We finished the tear out at the community center and bleached the studs. Hopefully on friday they can start laying in sheetrock. There is a ton of trash in front of the center. Yesterday we managed to get some FEMA contractors to haul away about half of it. A first, I am told. They promissed to come back today but didn't.

We returned to base and finally ate. Tonights meal was chicken rice with curry vegetables and beans. It was at best so-so. Feeling unfulfilled and dying of curiosity we drove into the French Quarter. It is physically little changed from when last we visited. A few businesses are boarded up and others say 'open soon'. But its a different place. There are cops eveywhere. They gather in clumps and their cars clog intersections. We drove down Decatur I believe and a huge tent complex has been erected. There are large mobile kitchens and lights. We look closer and see signs saying. 'This a FEMA facility. NO public services. ID required.' inside were National Guard and more Police. Outside half a dozen Military Police Hummers sit looking serious. What exactly are they guarding? Of course almost half the police force was fired for corruption, looting, or abandoning their duties so I suppose they need the help.

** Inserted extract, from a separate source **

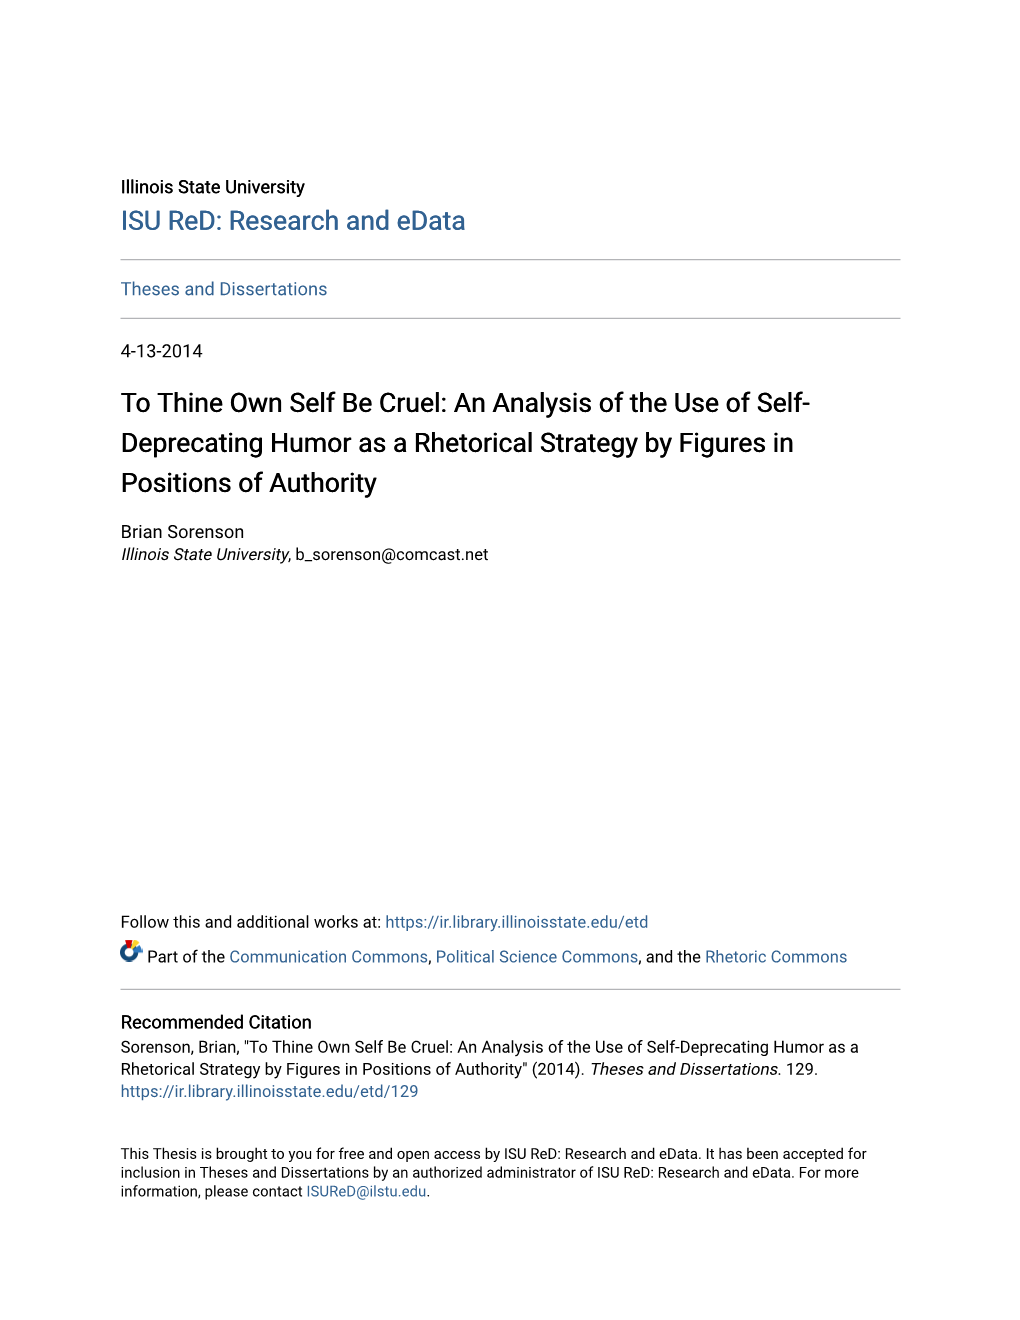 To Thine Own Self Be Cruel: an Analysis of the Use of Self- Deprecating Humor As a Rhetorical Strategy by Figures in Positions of Authority

We found the Cafe du Monde open and ordered the first good cup of coffee we've had this trip along with a big order of Beignets (my addiction of choice). On the way back to the van we stoped by a small hotel we stayed at last year just to see how they were doing. They were open and the nice manager chatted with us freely. She winced a little when she found out we were working in the ninth ward. When I asked her what she thought the National Guard was doing she told us that she believed they were there to keep the gangs out.
'You know just before the hurricanes hit they tried to come down here and take over. The cops had a shootout with a big group and killed ten of them.'

I would really like to find out if that shootout story is true. It makes so little sense. Why would gangs come to New Orleans right before a hurricane is set to devastate the area. Maybe they came to loot. But you dont use guns for that and this area is piss poor for good looting. You want the burbs with those WalMarts and Best Buys.

Then again, this woman firmly believes the popular myths about shootings and killings at the superdome. Its hard to change peoples minds here. But that is really what is needed. Some fresh thinking.

The foot feels much better. I grapped an ice cold shower after dinner just to get the worst filth off me. I pray they get the solar showers working but I'm not holding my breath.